In today’s Washington Post, Nick Miroff writes Immigrants’ Jobs Vanish With Housing Slowdown:
So [1999 Salvadoran immigrant] Guzman got a plane ticket. On Jan. 20, he is taking his family back to El Salvador, with plans to open an auto repair shop with the money he has saved. “There’s no work here anymore,” he said, having spent the past month unemployed. “And when there’s no work, it’s time for Latinos to go back to the countries where they came from.”
“The Hispanic population in Virginia has grown too much,” said Guzman, echoing the sentiments of those who support tough immigration policies, “and that’s closed off a lot of job opportunities.”
Demographers who track migration patterns and embassy staff members say it’s too soon to tell exactly how the housing construction decline has affected the region’s Hispanic population. But stories of departing workers abound. Some workers say they’re headed home; others, spurred by rumors of construction jobs, try their fortunes in the Carolinas, Georgia, New Orleans.
“It’s a little better here, but not much,” said Raul Amayas, 21, a Salvadoran immigrant reached by phone in Charlotte. Amayas left Manassas last month after losing his $400-a-week landscaping job. Now he’s making $300 a week as a busboy at a Mexican restaurant. “It’s hard here.
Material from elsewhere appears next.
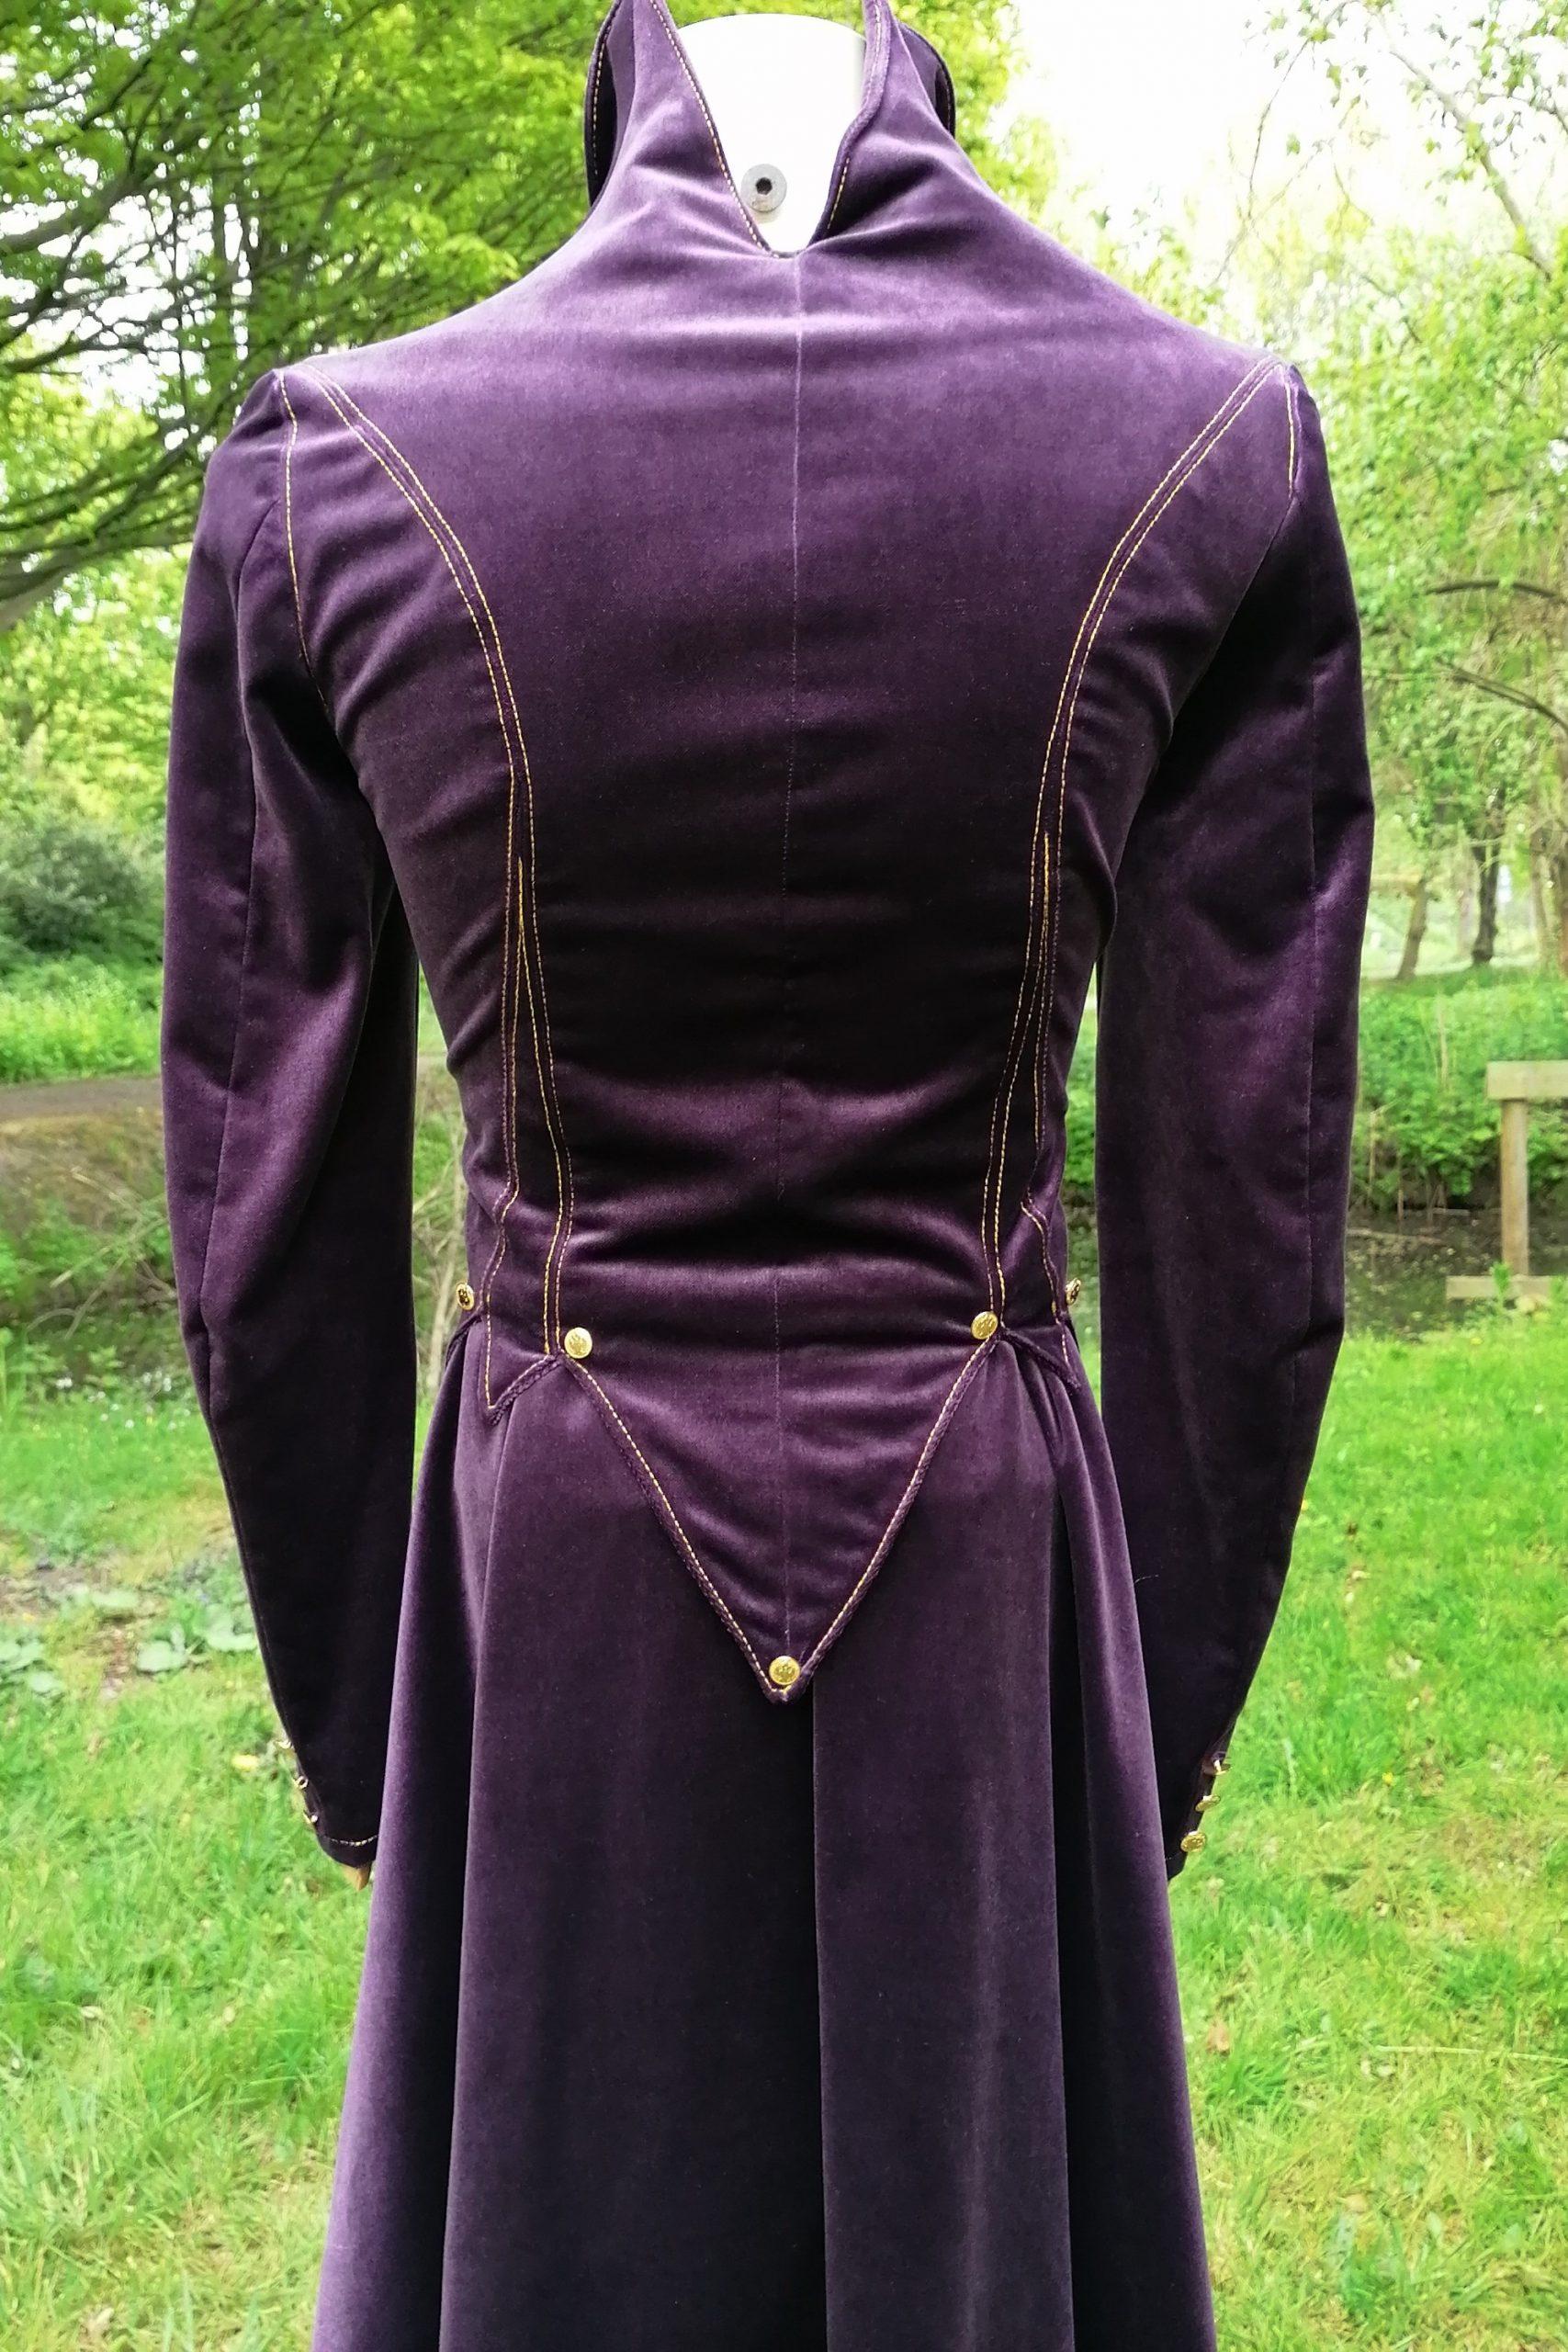 Jacket Coat Purple Velvet Gold Metallic Prince Vintage Jacquard Blazer

Ugly,” Amayas said.
All this is really odd, because just yesterday in an editorial, the Washington Post suggested just the opposite:
Herndon’s Hispanic-free leadership is pushing its agenda despite deep divisions there over the immigration issue, despite a Hispanic community that accounts for a quarter to a third of the town’s population of 23,000, and despite the local economy’s evident demand for immigrant labor, legal and illegal. And to what end? Mr. DeBenedittis seems to think that if he turns the heat up sufficiently, the immigrants will simply disappear. More likely, they’ll just play cat-and-mouse with the police or move one town over.
Further, Mr. Miroff finds yet another person who disagrees with his employer’s opinion:
Tracking the departure of immigrants from the Washington area is difficult. “In terms of actual data, it’s too soon to say,” said Steven A. Camarota, research director of the Center for Immigration Studies, which supports limiting immigration. “If the economy turns down and we were to ratchet up enforcement, there would be a multiplier effect. But that isn’t likely to happen. The most likely scenario is movement into other sectors of the economy and greater geographic dispersion.”
It isn’t clear which part of his first scenario Mr. Camarota thinks is not likely to happen, but I suspect from the context that it is that same increased enforcement that just yesterday the Post insisted would do little to drive illegal immigrants away, given the “evident demand for immigrant labor”.
Again from Mr. Miroff’s article:
“A slowdown in the construction industry hits illegals much harder than the rest of the general population,” Camarota said.
Gustavo Torres, executive director of CASA of Maryland, said he’s concerned that tensions over immigration will spread and intensify if large numbers of idle construction workers are not quickly absorbed by other services and industries. “We’ve seen workers leaving for other states for jobs in construction or agriculture,” he said.
Torres argued for the need for job training programs to help workers make the transition into other sectors, saying he feared that “confrontation will accelerate further” if the slowdown worsens.
So the Central Americans come here illegally to take advantage of a job surplus, and when the surplus evaporates, or even, as we have seen previously, when more come than there ever were jobs for, it becomes the responsibility of the local taxpayers to provide welfare and training for these excess workers who aren’t even supposed to be here in the first place. And if this support isn’t provided, we need to prepare for “confrontation”. Given Mr. Torres’ history of confrontational tactics, it isn’t clear if this is as much a genuine concern as a threat. Would a frustrated illegal immigrant be more likely to hear Mr. Torres’ words as an appeal for calm, or a rallying call? And if the illegal immigrants leave the Washington area in droves, what happens to Mr. Torres’ line of work? Could he, at least in part, be concerned about his own future here?
“That’s one of the dangers of importing lots of workers,” said Ira Mehlmen, spokesman for the Federation for American Immigration Reform, which seeks to curb illegal immigration. “After their services are no longer required, you end up with them and with their families. “There isn’t much reason for them to return home when services and other benefits are available.”
And, I would add, there isn’t much reason for the “services and other benefits” if they all leave anyway.